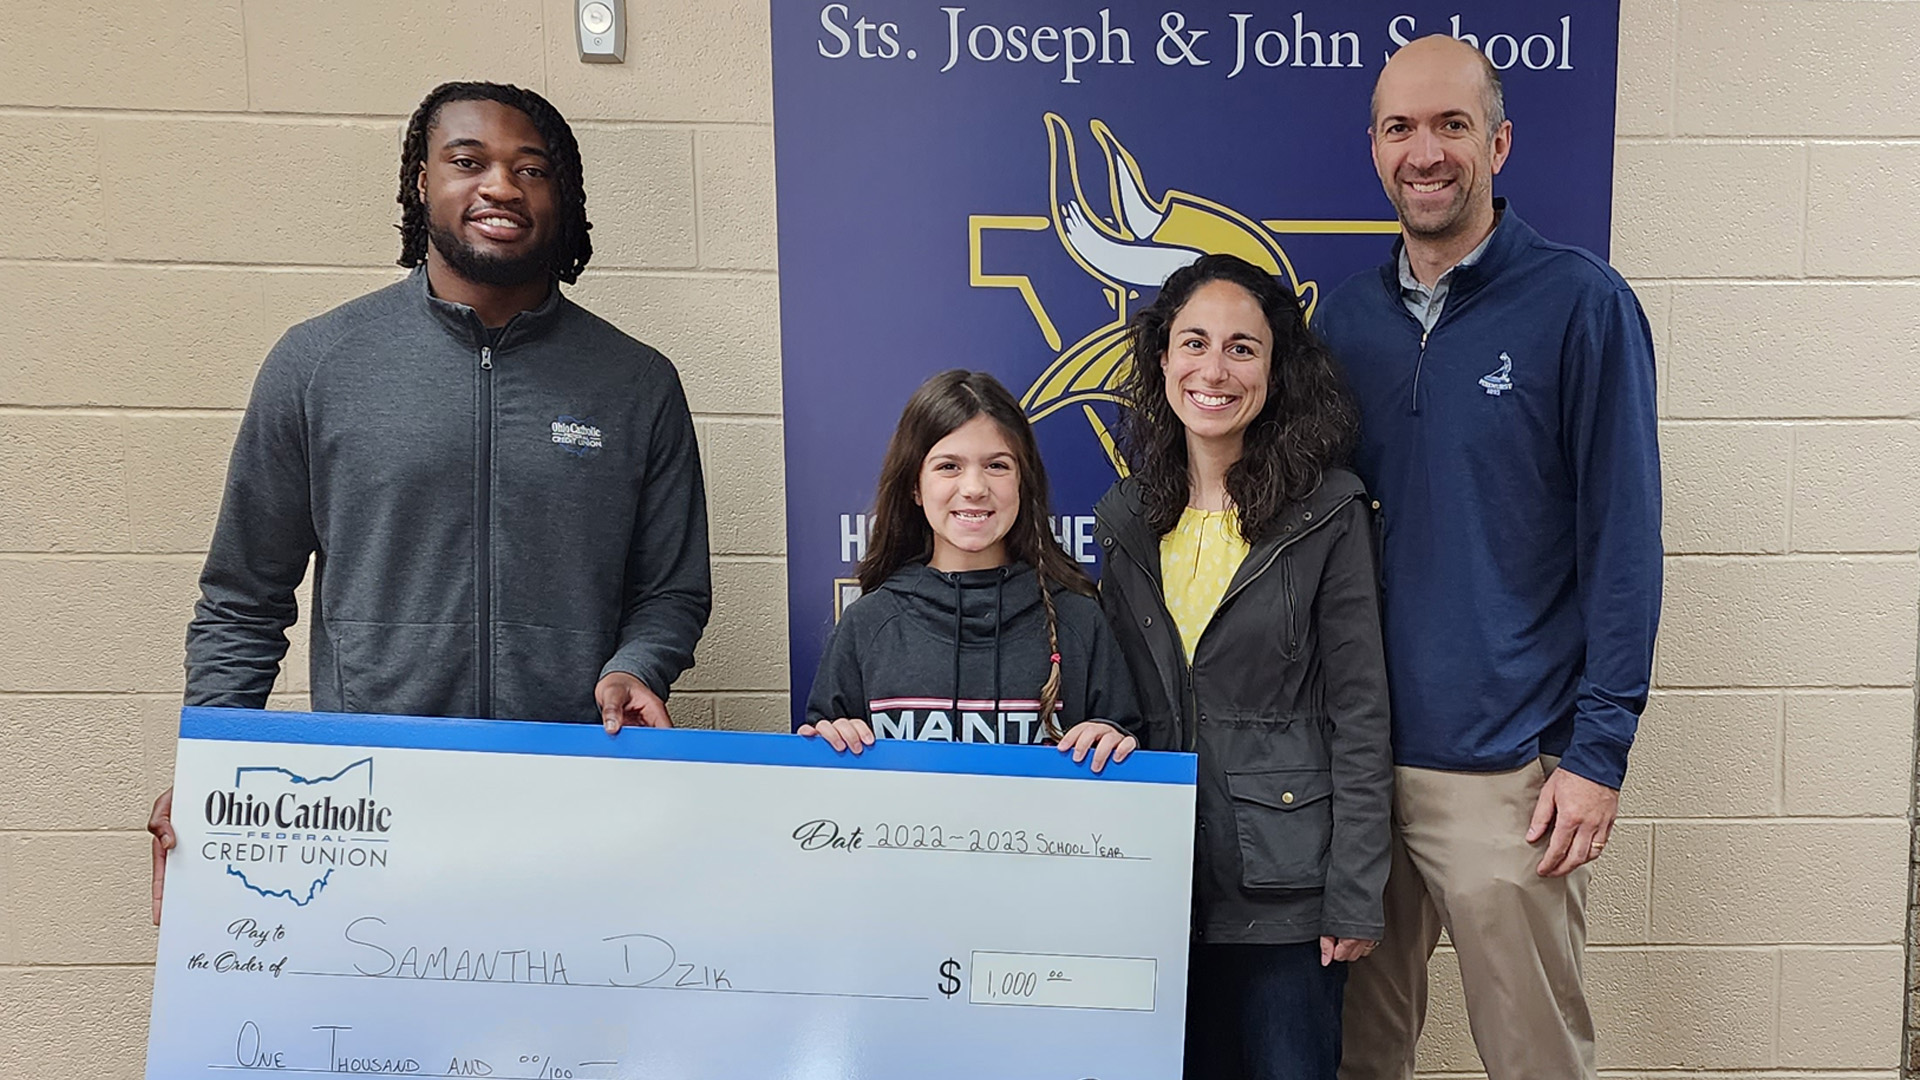 $1000 Scholarship winner Sts. Joseph and John School 2023
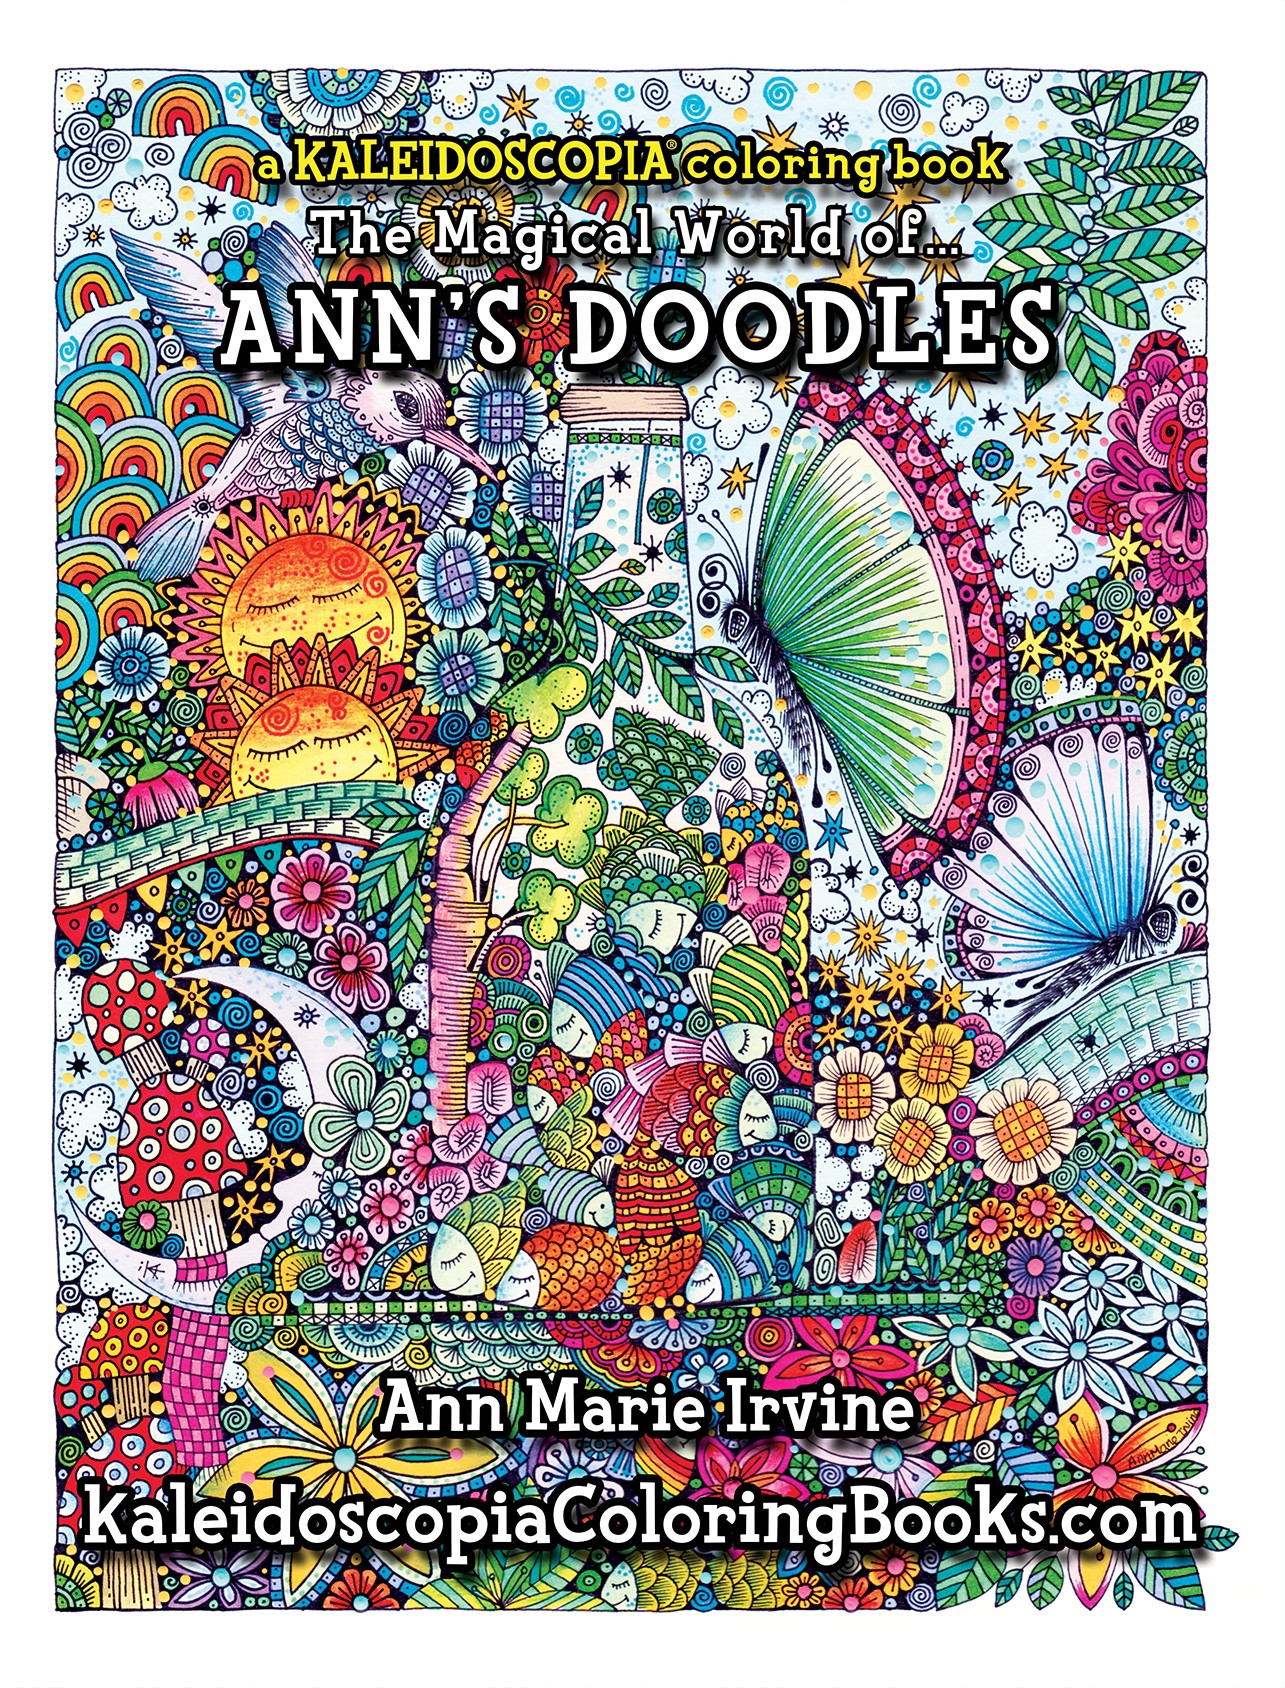 Ann's Doodles: A Kaleidoscopia Coloring Book: The Magical World of 
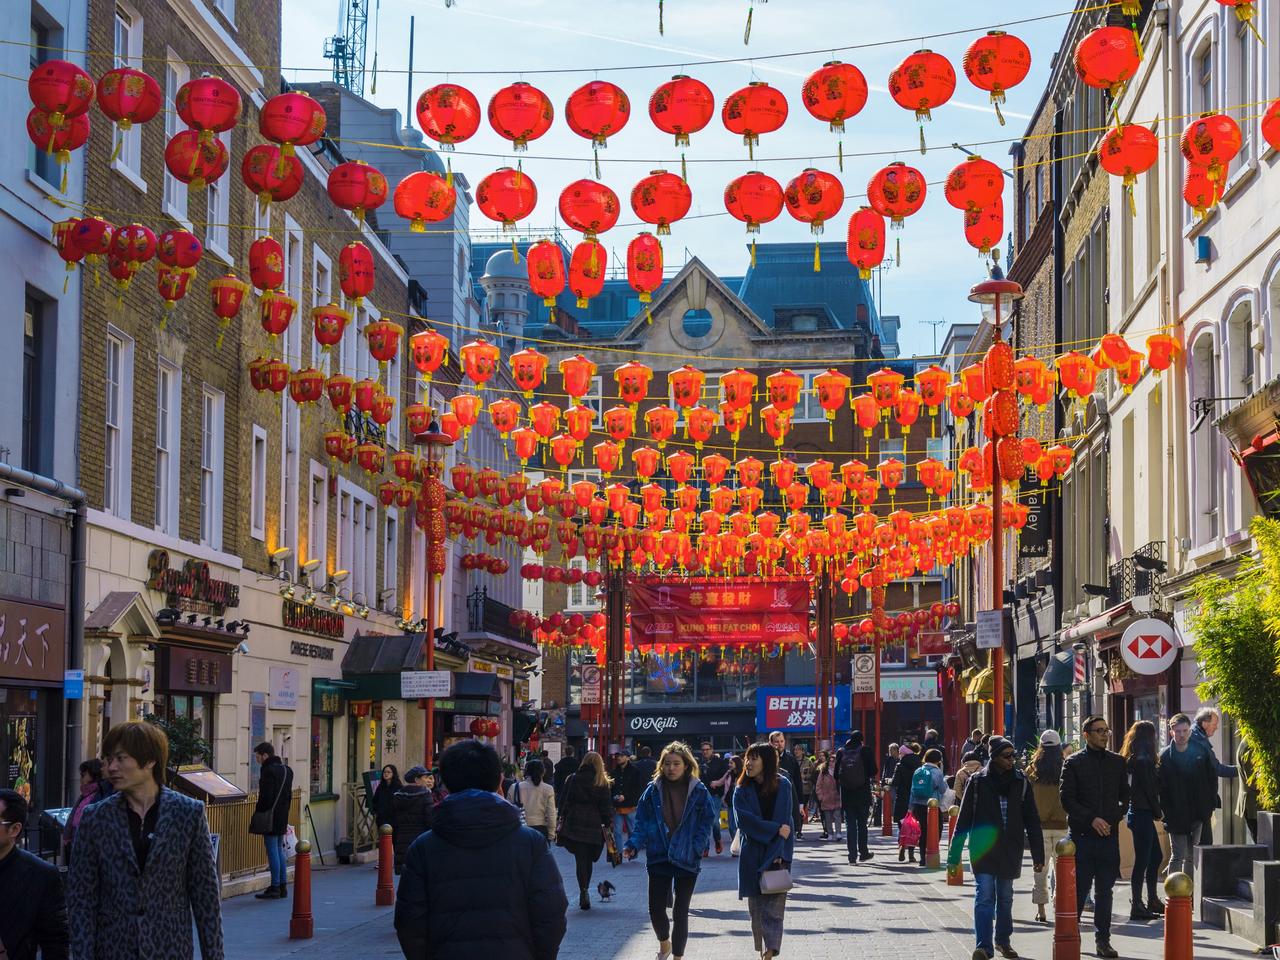 Chinatown Gerrard Street in London
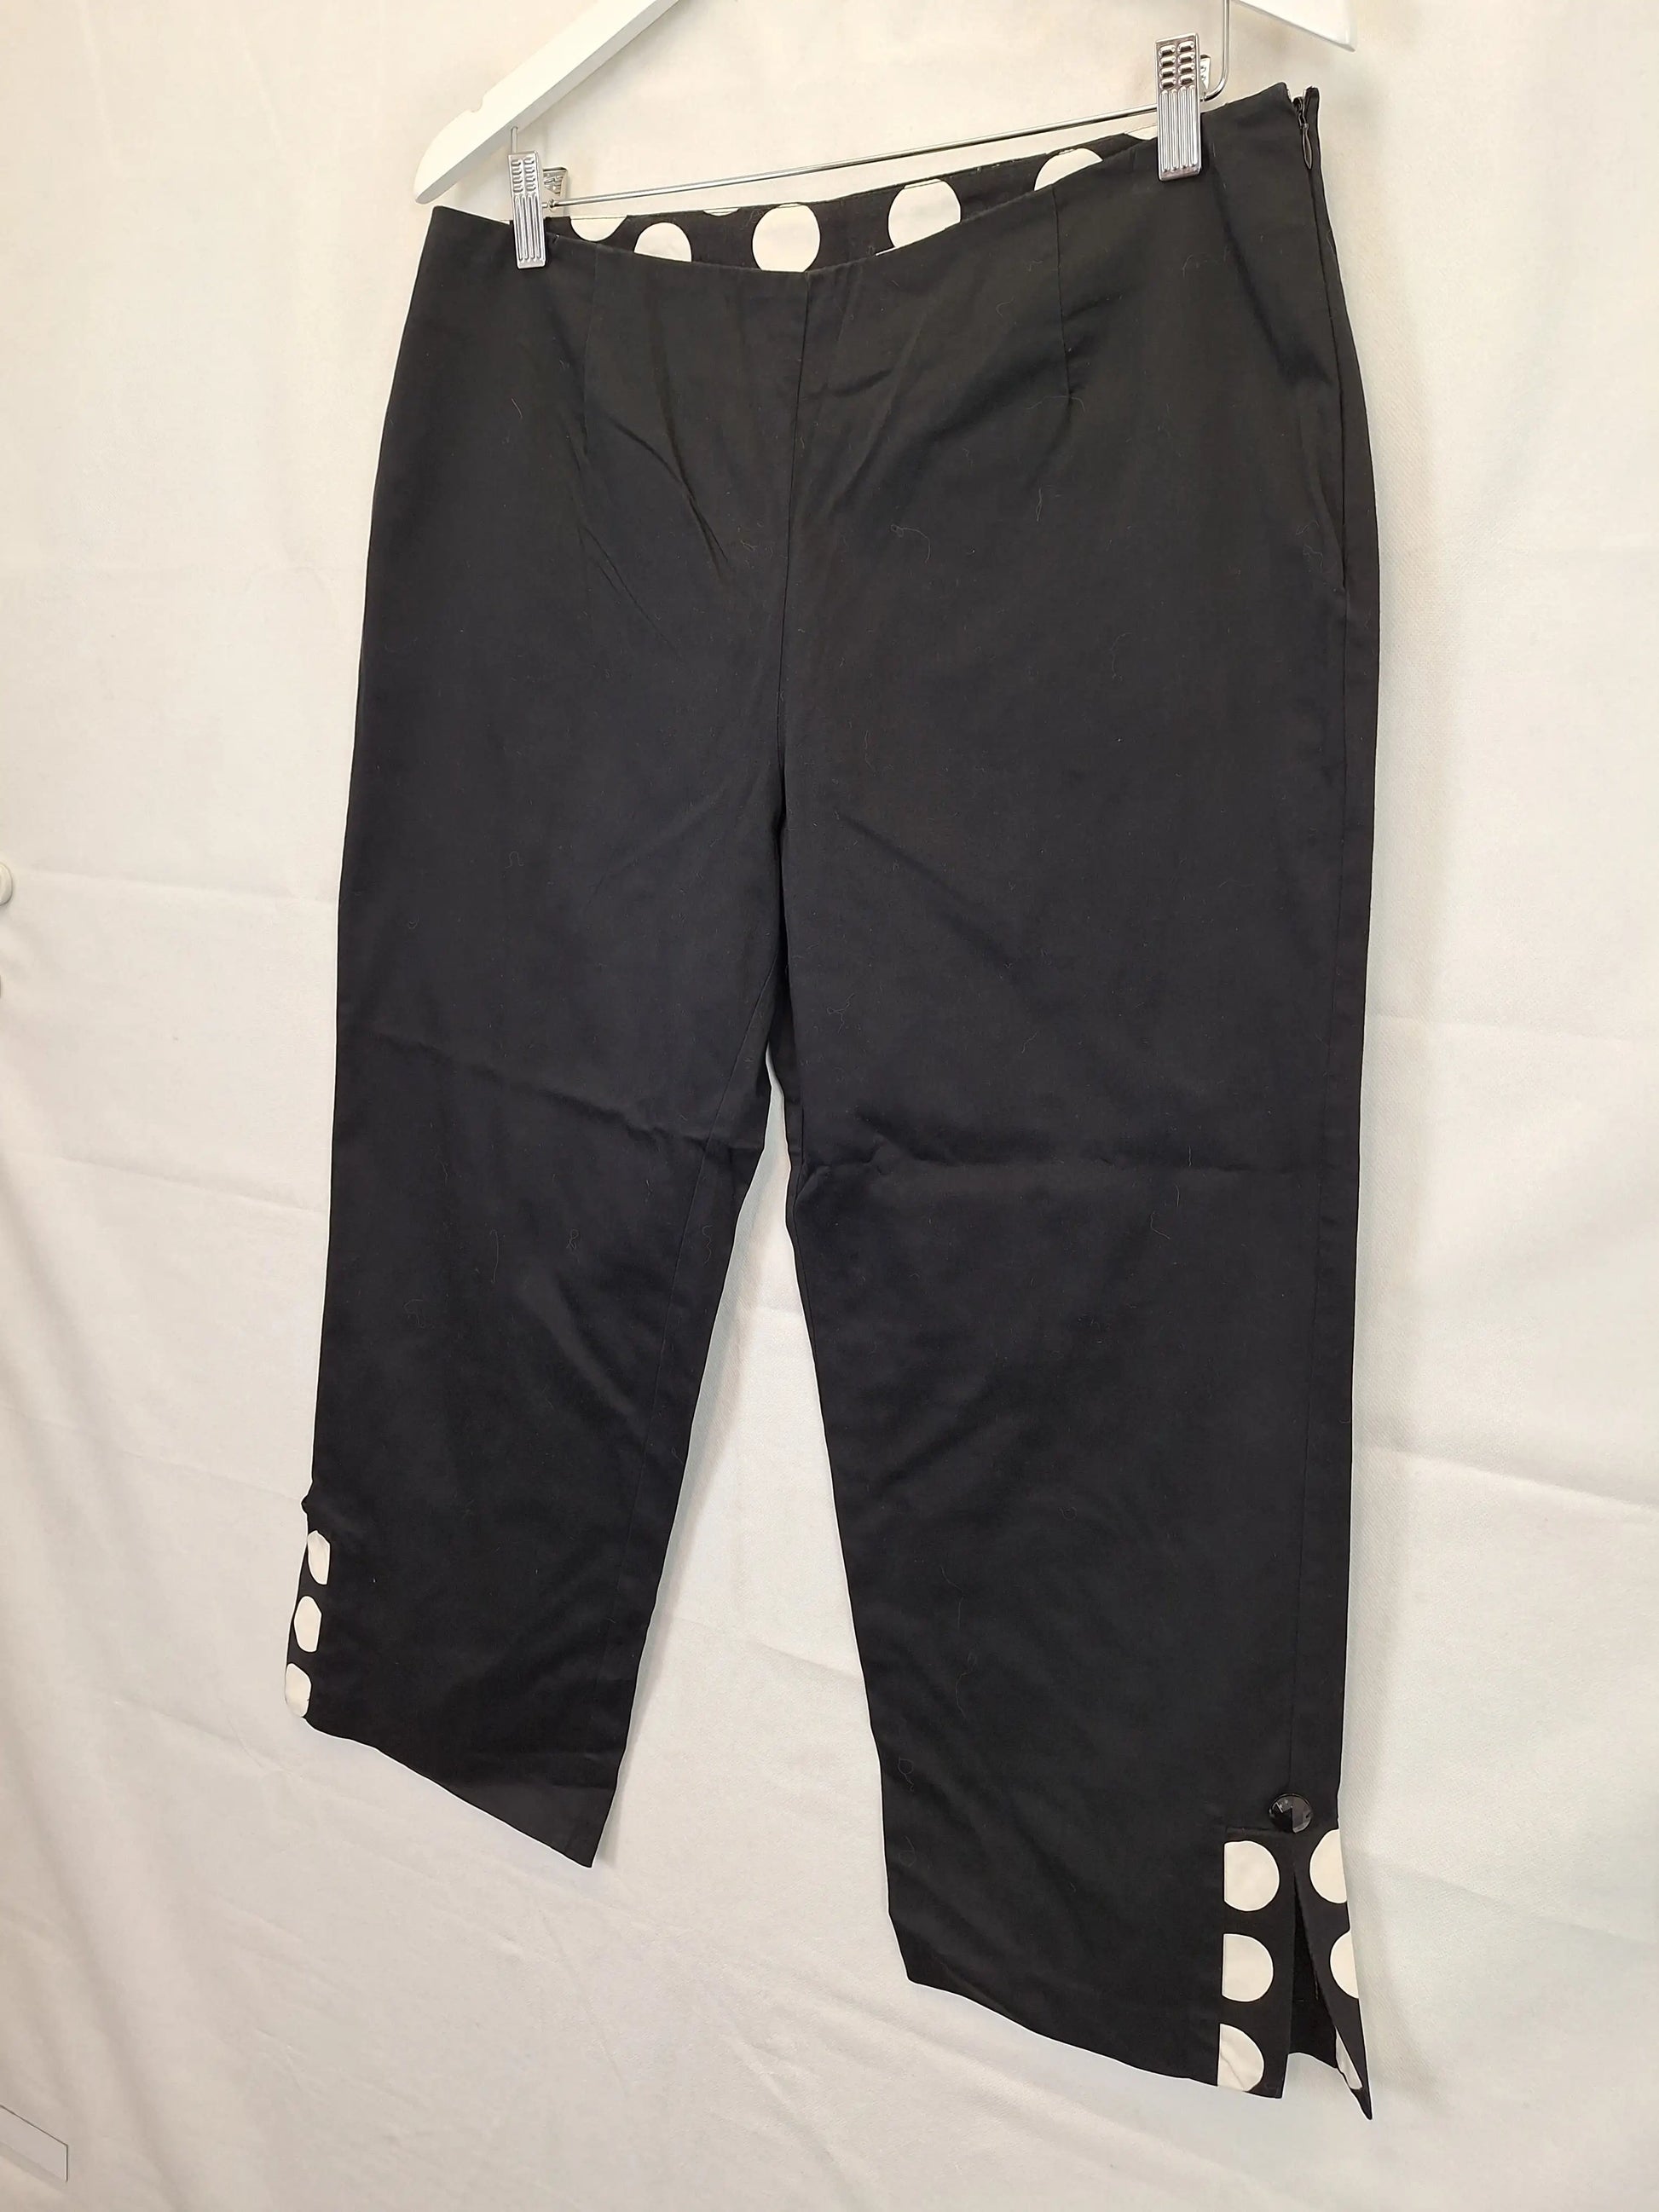 RJ Wear Spotted Trimmed Capri Pants Size 12 – SwapUp

= = =

## Work task
Apart from the pictures, every line of the material above is to be returned word for word.

## Solution for this task
 $1000 Scholarship winner Sts. Joseph and John School 2023
 Ann's Doodles: A Kaleidoscopia Coloring Book: The Magical World of 
 Chinatown Gerrard Street in London
 RJ Wear Spotted Trimmed Capri Pants Size 12 – SwapUp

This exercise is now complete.